The weekend box office results are in and the message from audiences is resounding and clear: Critics be damned! Eddie Murphy’s Norbit — one of the worst-reviewed movies in recent memory — easily took first place with $33.7 million, the biggest opening of 2007. Arriving on the heels of Murphy’s first Oscar nomination (for Dreamgirls), Norbit exceeded expectations, tallying a strong $10,759 per-theater average; it is the 14th No. 1 debut of the comedy titan’s storied quarter-century career.
Yet despite all that, my goodness, some people hated this film. I mean, they loathed it. Lurrrrthed it. Norbit’s 27 out of 100 score on Metacritic.com is nearly the worst among current releases. Even audiences, which were split almost evenly between men and women and young and old, didn’t seem particularly amused: Norbit got an unstellar B CinemaScore rating. So how will all this affect the funny flick’s long-term prospects? Probably not so much. After all, if negative notices ever were going to deter people from plunking down their hard-earned cash to see this movie, they already would have. But, it seems, Norbit fills a certain critic-proof-ultra-broad-family-comedy-with-appeal-across-all-demographics slot at the multiplex, thanks to the slow departure of Night at the Museum (which finished at No. 5 this week, with $5.8 mil). And it’ll face no similar competition for at least the next month.
Gobbled up, then, was Hannibal Rising, which earned $13.4 mil to come in a distant second. That’s by far the worst debut of a Silence of the Lambs follow-up, and it comes courtesy of a shrugging audience that was, interestingly, just about three quarters over the age of 25. In other words, with Hannibal Lecter’s popularity among younger viewers on the decline, this very well could be the last movie made about him, no matter what they say.
Tumbling down the list and rounding out the top five — as, by the way, EW.com’s box office savant accurately predicted — were the romantic comedy Because I Said So (No. 3, with $9 mil on a moderate 31 percent drop, courtesy of women moviegoers) and the horror flick The Messengers (No. 4, with $7.2 mil on a steep 51 percent decline). Meanwhile, bowing in just nine locations, the German-language Oscar nominee The Lives of Others was the art house winner, averaging a solid $24,777.

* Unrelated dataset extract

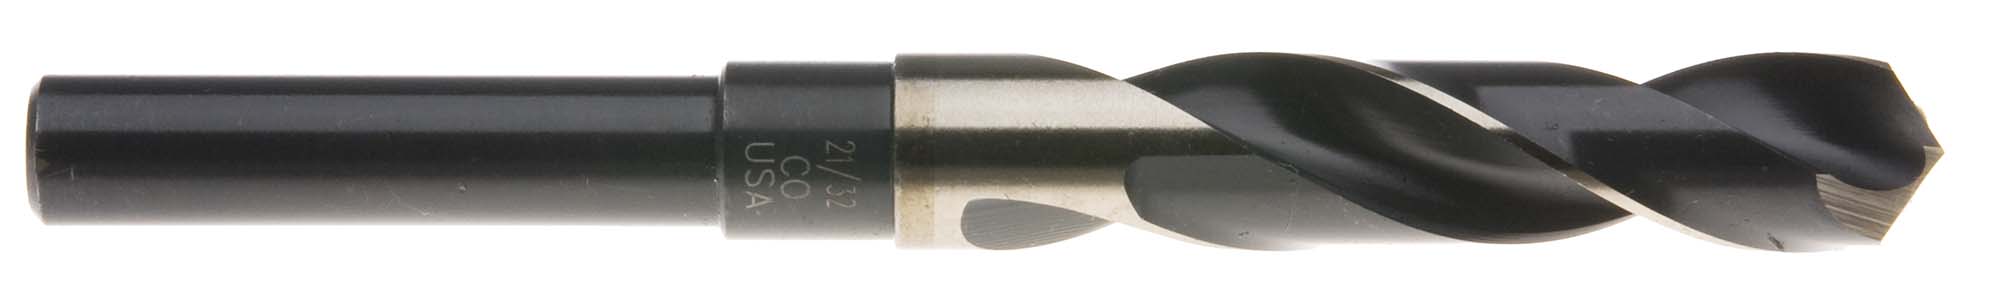 1" S and D Drill (1/2" shank) USA Cobalt
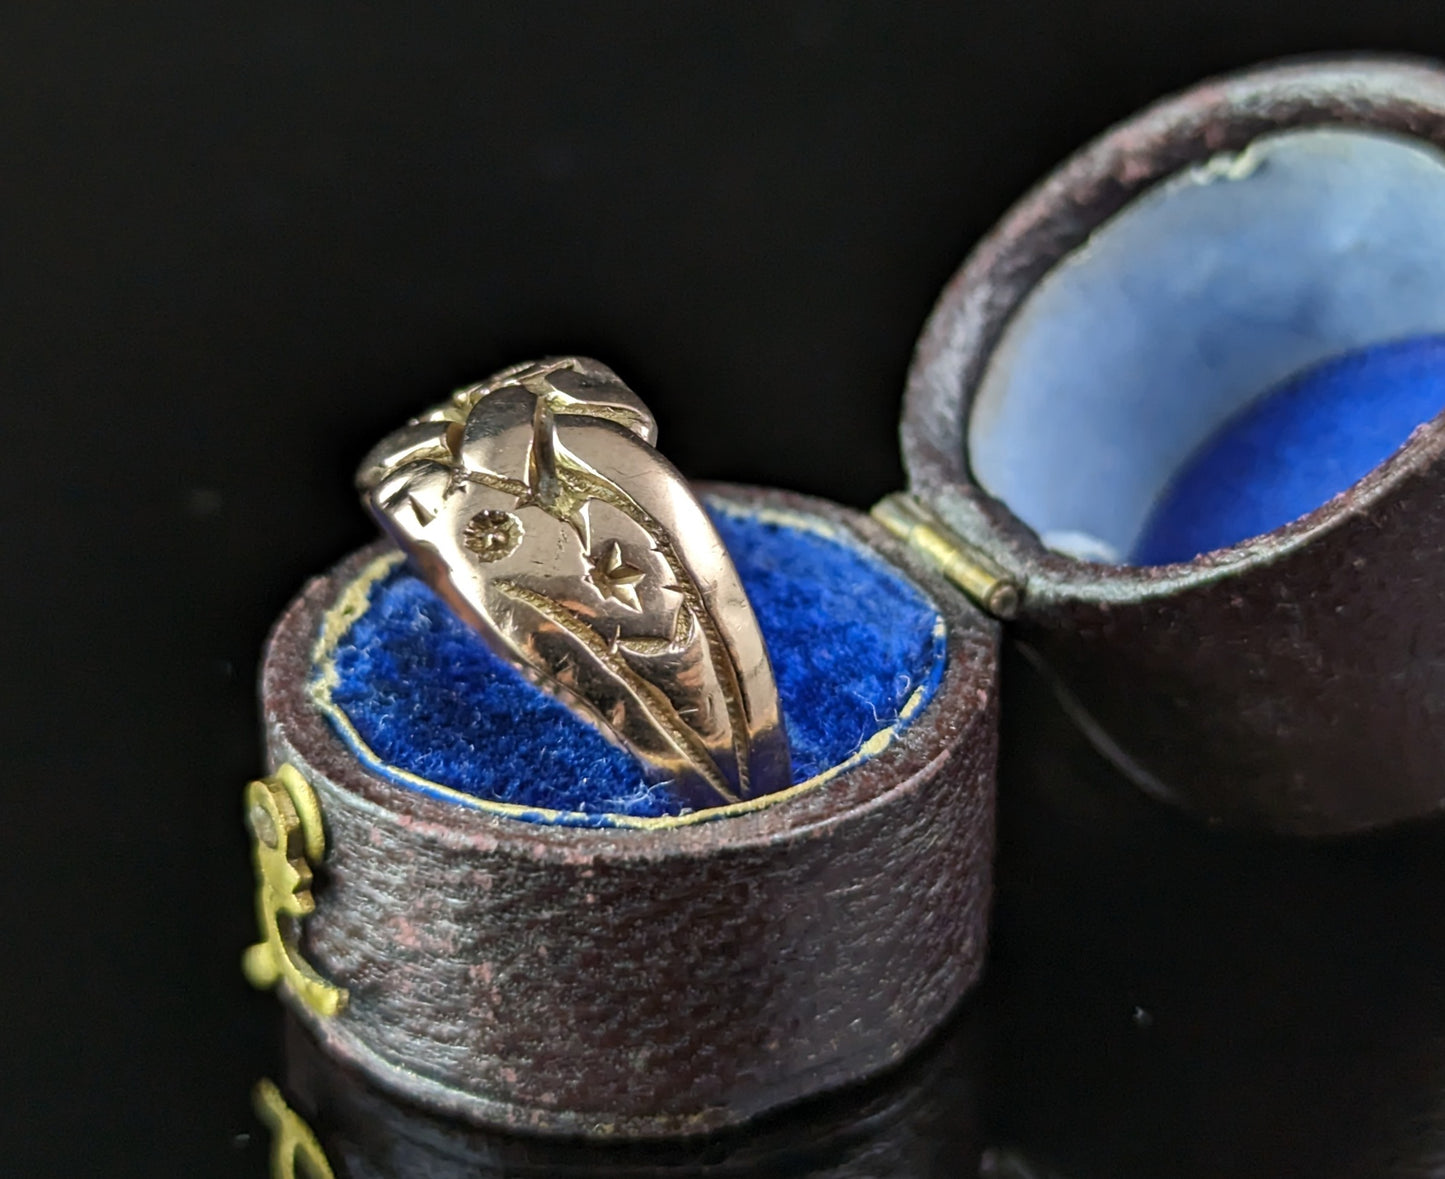 Antique 9k rose gold engraved band ring, Art Deco

But that silver lining is overshadowed by an ominous cloud slowly moving over the horizon. Including this one, every weekend of 2007 has been down compared to the comparable period from a year ago, and, overall, 2007 is already trailing 2006 by four percent. Moreover, reports straight talker Paul at Media By Numbers, actual attendance is off six percent so far this year. How unsettling! Especially since movieland bounced back from the legendarily dreadful 2005 with a solid 2006. So what happened? Did Hollywood get caught flat-footed while patting itself on the back for last year’s big turnaround? Have we just had a foul concoction of crappy early-year releases and weaker-than-expected Oscar contenders? Am I just being unnecessarily alarmist here? Hopefully, the coming weeks will bring us some answers — I say we keep an eye out.